O que vi em Cavaco

João Taborda da Gama
DN 20160309
Conheci Cavaco Silva na sua última campanha eleitoral em 2010, como membro da comissão política da sua candidatura, e fui consultor político da sua casa civil entre 2011 e 2013. Isto é o que dizem os jornais e os cartões-de-visita, porque nem Cavaco se deixa conhecer nem Cavaco precisa de comissões ou conselhos políticos, muito menos dos meus. Disto já eu desconfiava, mas mesmo assim quis ir ver. Ver de perto um dos maiores e mais enigmáticos políticos, tentar perceber melhor. Se houvesse uma aberta, perguntar. Não houve.
O que via em Cavaco Silva não era tanto os seus feitos como governante mas o feito de ter chegado a governante. O modo como limpou as elites do PSD, como, sem darem nada por ele, tomou um partido de barões e coutadas ainda decalcadas das estirpes da sociedade portuguesa. De certo modo, fez no PSD em 1985 o que só aconteceria no PS vinte anos mais tarde com Sócrates: ambos abominarão a comparação, mas nesta conquista feroz dos seus partidos aos predestinados, decapitando e afastando tudo o que lhes fizesse frente, há uma história com muitas semelhanças que ainda há de ser escrita.
Era irresistível não tentar ir ver. Ver mais de perto a pessoa por trás da imagem que criteriosamente construiu ao longo de décadas (nisto foi fundamental a inteligência político-emocional de Fernando Lima). Cavaco Silva o tecnocrata, o político não profissional, o homem que foi fazer a rodagem à Figueira, o homem que estudava os dossiês. O que era aparência e substância?

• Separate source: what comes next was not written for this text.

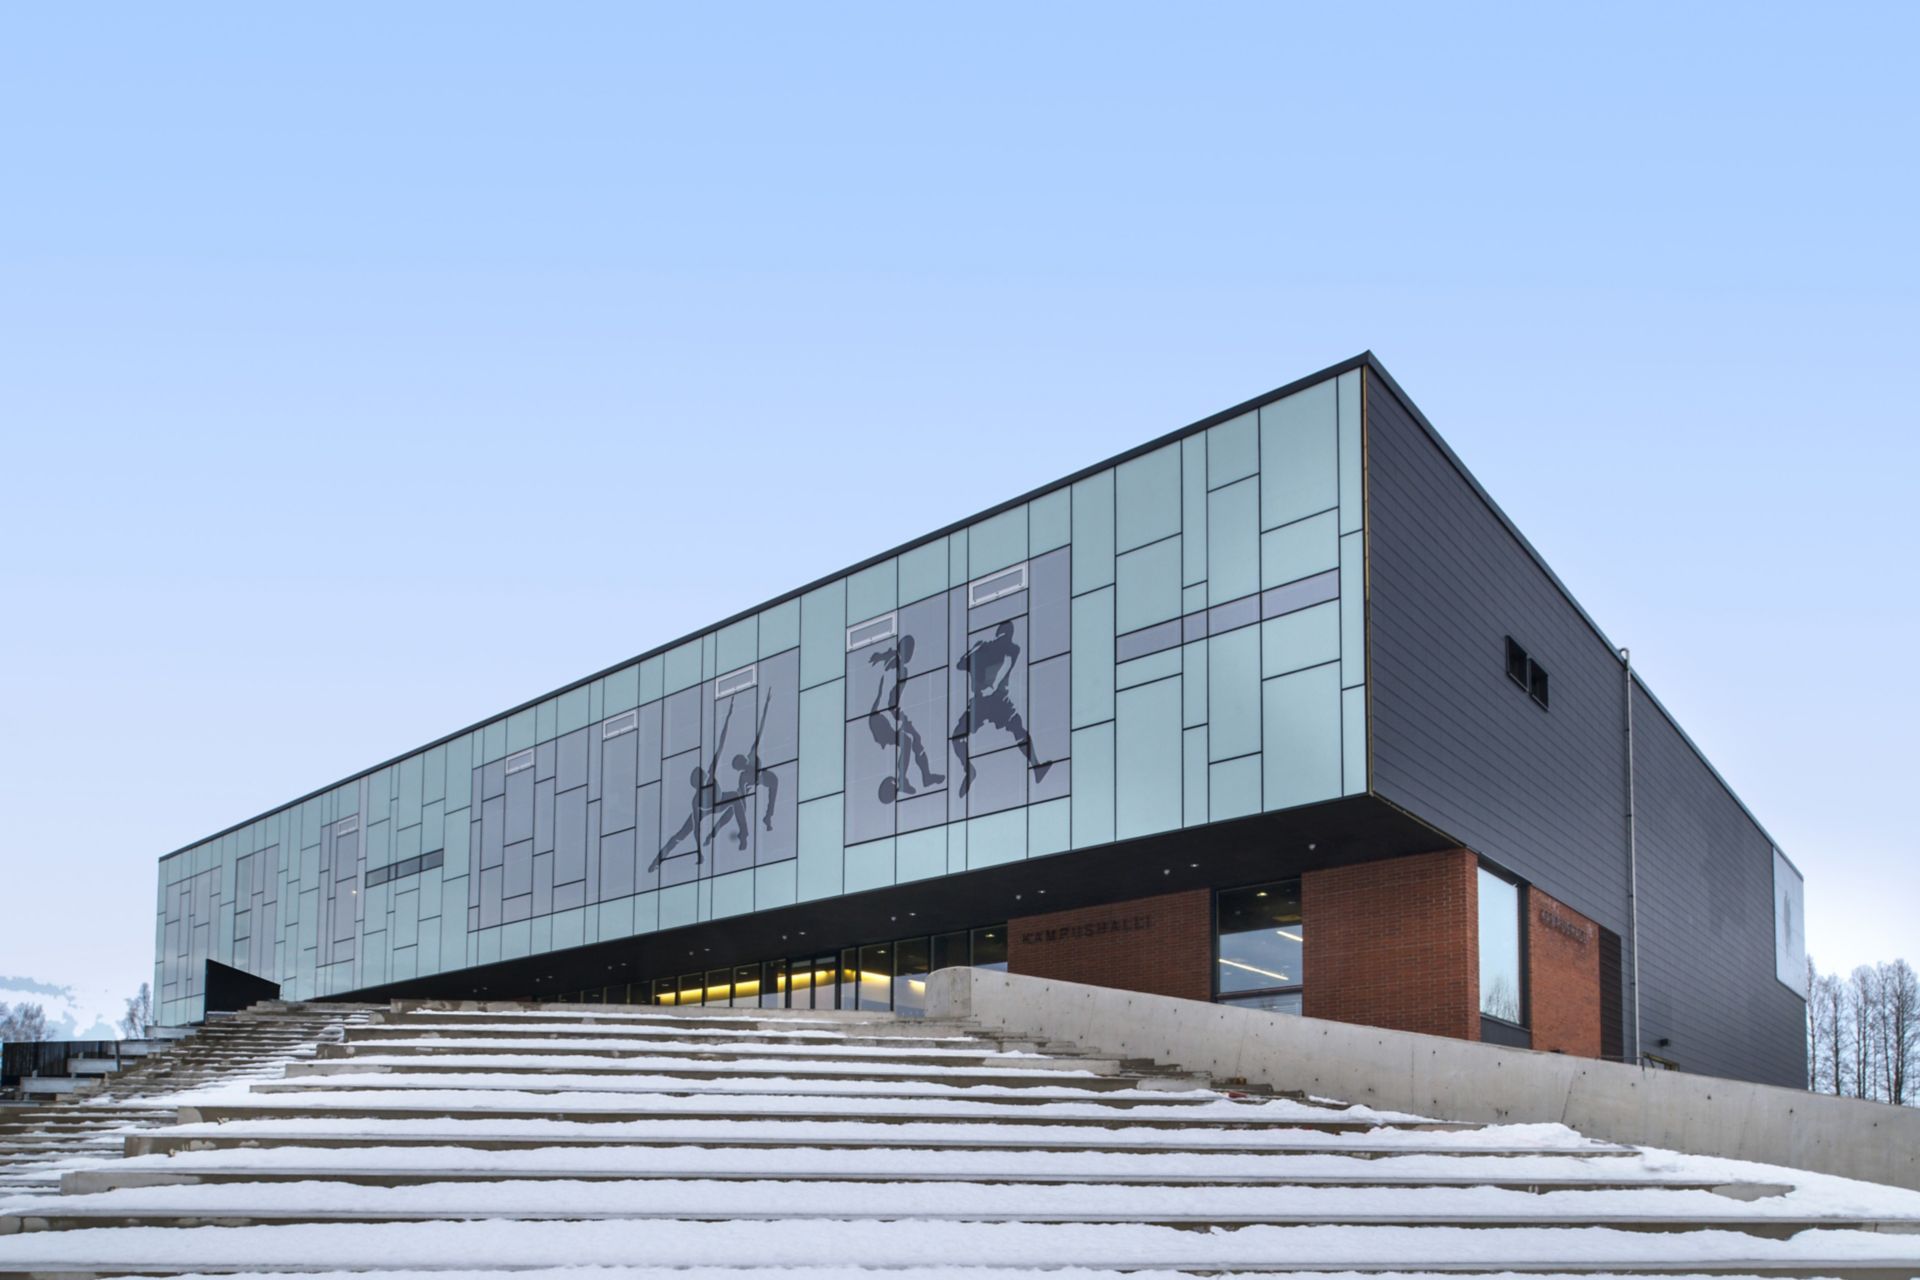 The building of Kokkola Campus in Finland

Cavaco não é um político profissional porque um profissional exerce a sua profissão com alguma distância, esta nunca o define, e fica ainda um espaço da sua existência liberto para outra coisa qualquer. Cavaco não é um político profissional, é um político-total. É político na Fonte Luminosa e é político enquanto espera dez anos para ser Presidente; é político quando incita ao sobressalto cívico do "março de 2011", e é político quando fala da poda das anonas. E é-o desde quase sempre. Filiou-se no PSD logo em 1974 (por exemplo, Sampaio aderiu ao PS apenas em 1978); filiou-se e filou o poder que nunca mais largou. Mas Cavaco é um político profissional no sentido em que tem uma obsessão pelo rigor, pela coerência e pela lógica. Na Presidência não vi improviso. Vi estudo, treino, preparação, repetição, lisura, cordialidade, distância. Aquela distância que há sempre que uma coisa é levada a sério. E a coisa aqui é uma preocupação obsessiva com o bem dos portugueses.
Vi síntese. Vi por vezes uma teimosia exasperante. E isto lembra-me uma outra coisa que me disse um amigo americano que era assessor de um governador e andava furioso com o chefe dele: os grandes políticos têm dois problemas, o primeiro é que acham que têm sempre razão; e o segundo é que têm.
E vi ainda outra coisa. Vi um casal-político, focado, sintonizado, cúmplice na astúcia e astuto na cumplicidade - uma grande lição de política. E de amor.